O senhor bento xvi tem uma visão paternalista do mundo e os seus mullas vão acertando o passo pelo mesmo diapasão. Muitos são os sacerdotes que dizem amen e que estão descontentes por a Opus Dei ter finalmente tomado conta do reino da santa igreja e que vai querer abarcar tudo e todos debaixo do tecto do pálio católico. Sua eminência escreve umas coisitas que até estariam bem no século de Galileu, em que o cardeal concordava com o cientista e quando passou a papa, atiçou-lhe a santa inquisição à perna. Nunca vi, ao contrário de João Paulo II, o cardeal Ratzinger vir a público defender Galileu Galilei, no entanto, o Papa J.P.II fê-lo e pediu desculpas públicas pelos crimes da santa madre igreja. Não vi o senhor Ratzinger ao lado dele a apoiá-lo em nada, bem antes pelo contrário. Ratzinger foi dos cardeais mais conservadores do catolicismo e... ainda é.
Elfo,
Tu já leste alguma coisa do Bento XVI? Ou estás apenas a seguir a moda de dizer mal do homem?

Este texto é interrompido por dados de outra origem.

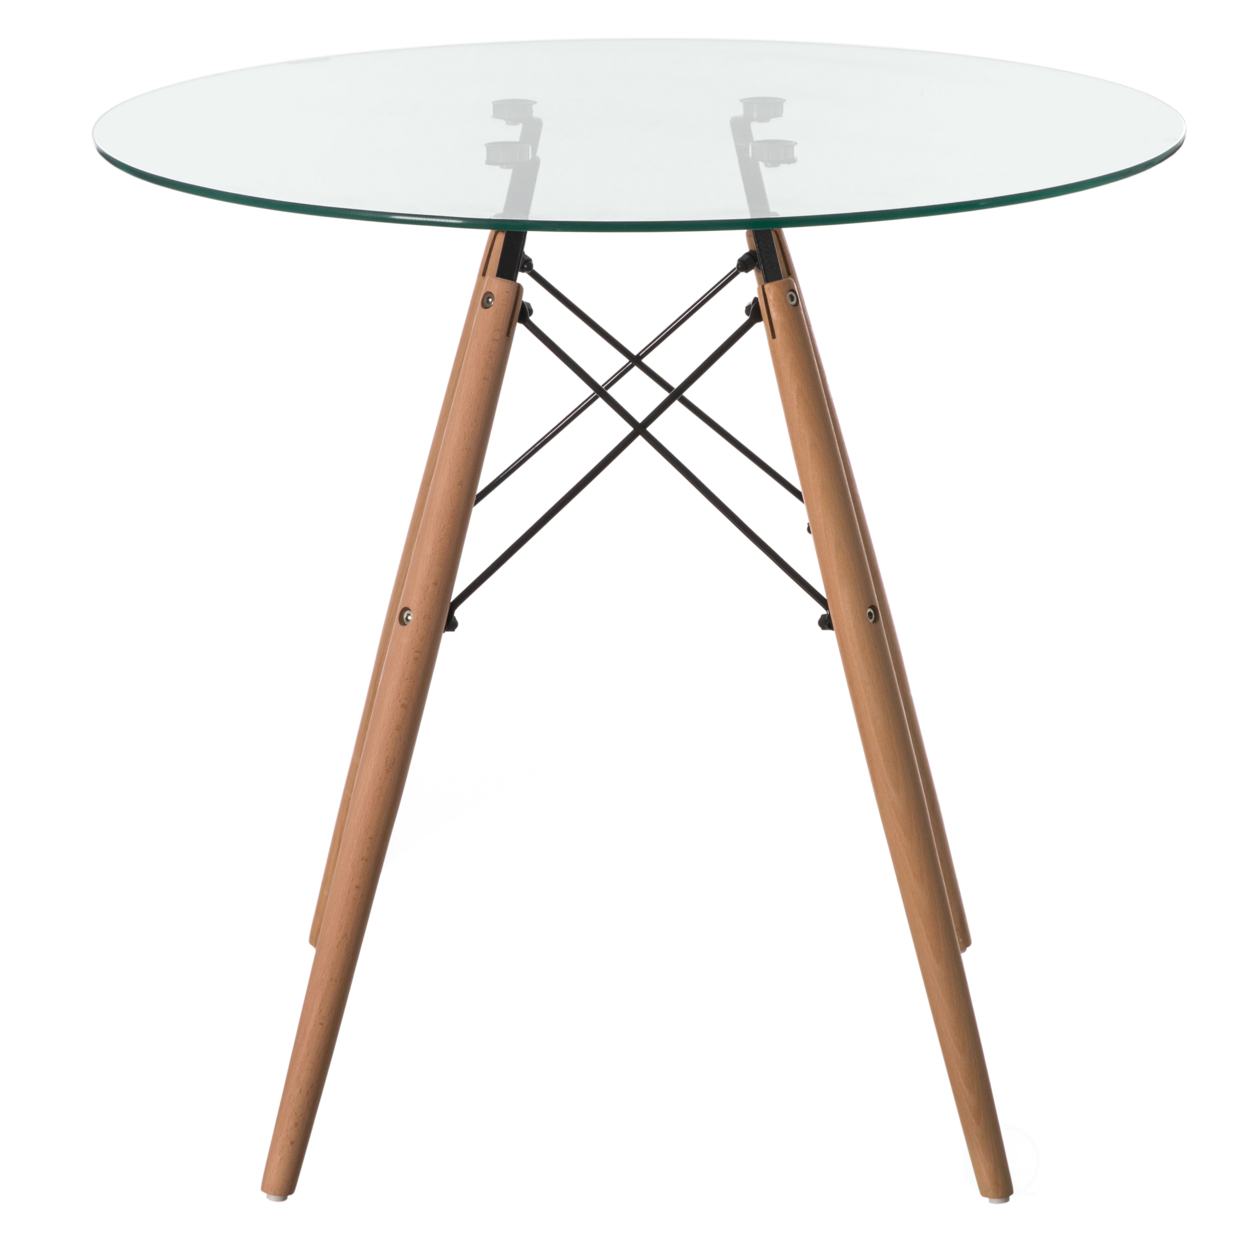 Round Clear Glass Top Accent Dining Table With 4 Beech Solid Wood Legs Modern Space Saving Small Leisure Circle Desk
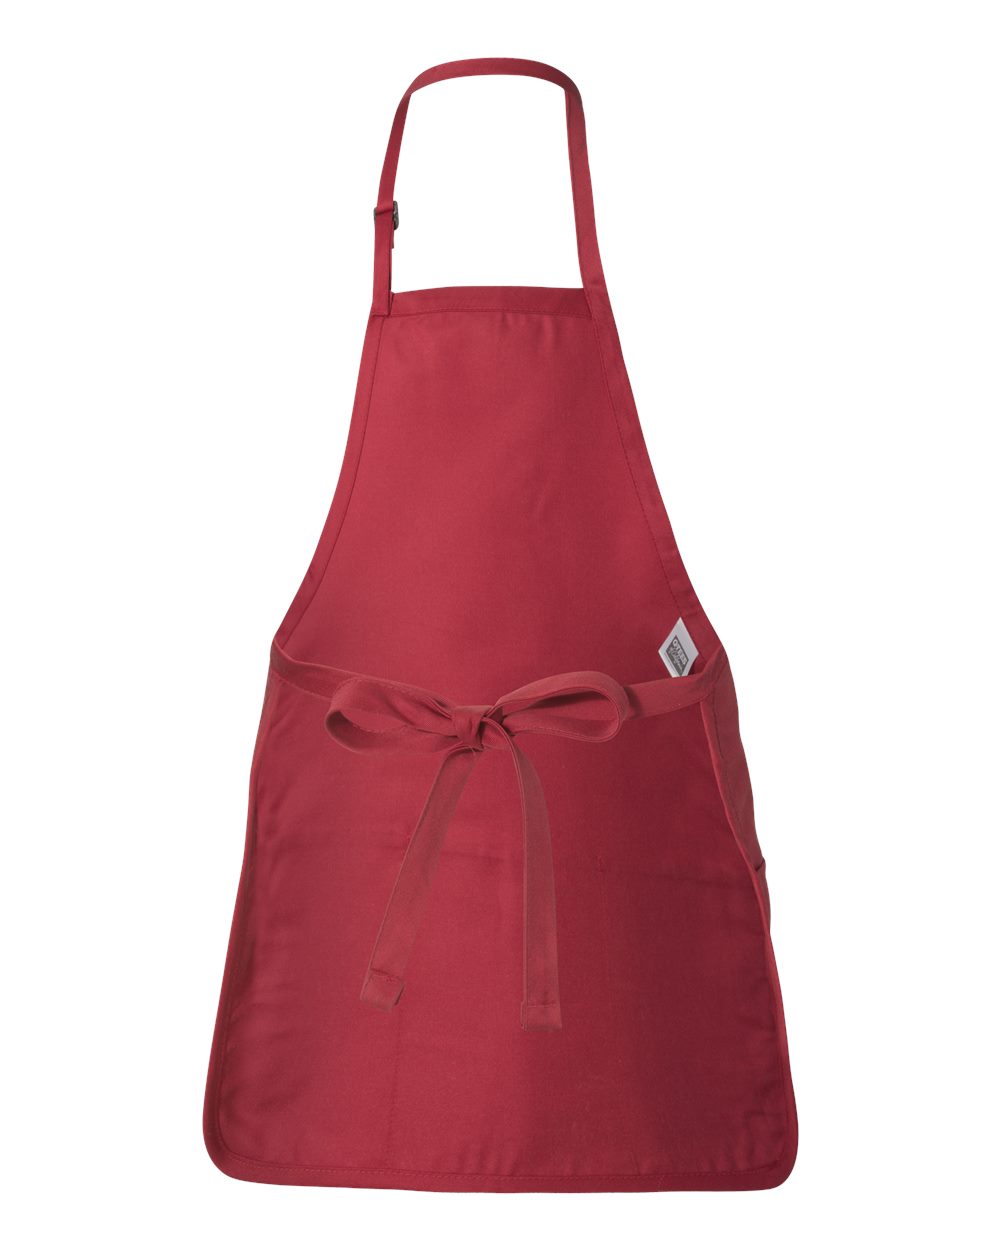 Q-Tees Full-Length Apron with Pouch Pocket Q4250 #color_Red

Eu fiquei curioso por ver um baha'i que diz que encontra diferenças e semelhanças de opinião. Estou curioso para ver o que se vai dizer aqui.
Espero sinceramente que não seja dizer mal apenas por dizer; pelo contrário, as diferenças de opinão devem aparecer fundamentadas.
Meu caro GH, não me parece que se tenha de ser um erudito nas escrevinhices do sr Ratzinger para ver de onde surgem as coisas. Diz-me onde estou errado e eu fundamento o que digo.
elfo, prova-me a relação com a Opus, em que dicionário sucessor aparece com "ss" e diz-me um único livro do santo padre que tenhas lido.
"Atravessar o Limiar da Esperança", foi um livro escrito por João Paulo II e que foi considerado insultuoso por muitos Budistas.
Claramente há uma geração no clero católicos que assumem o Budismo como inimigo na luta pela conversão das almas.
O prestígio do Dalai Lama na Europa e nos EUA incomoda essa geração do clero católico. Mas os Budistas são pacientes; a sua reacção paciente bem podia ser imitada pelos muçulmanos.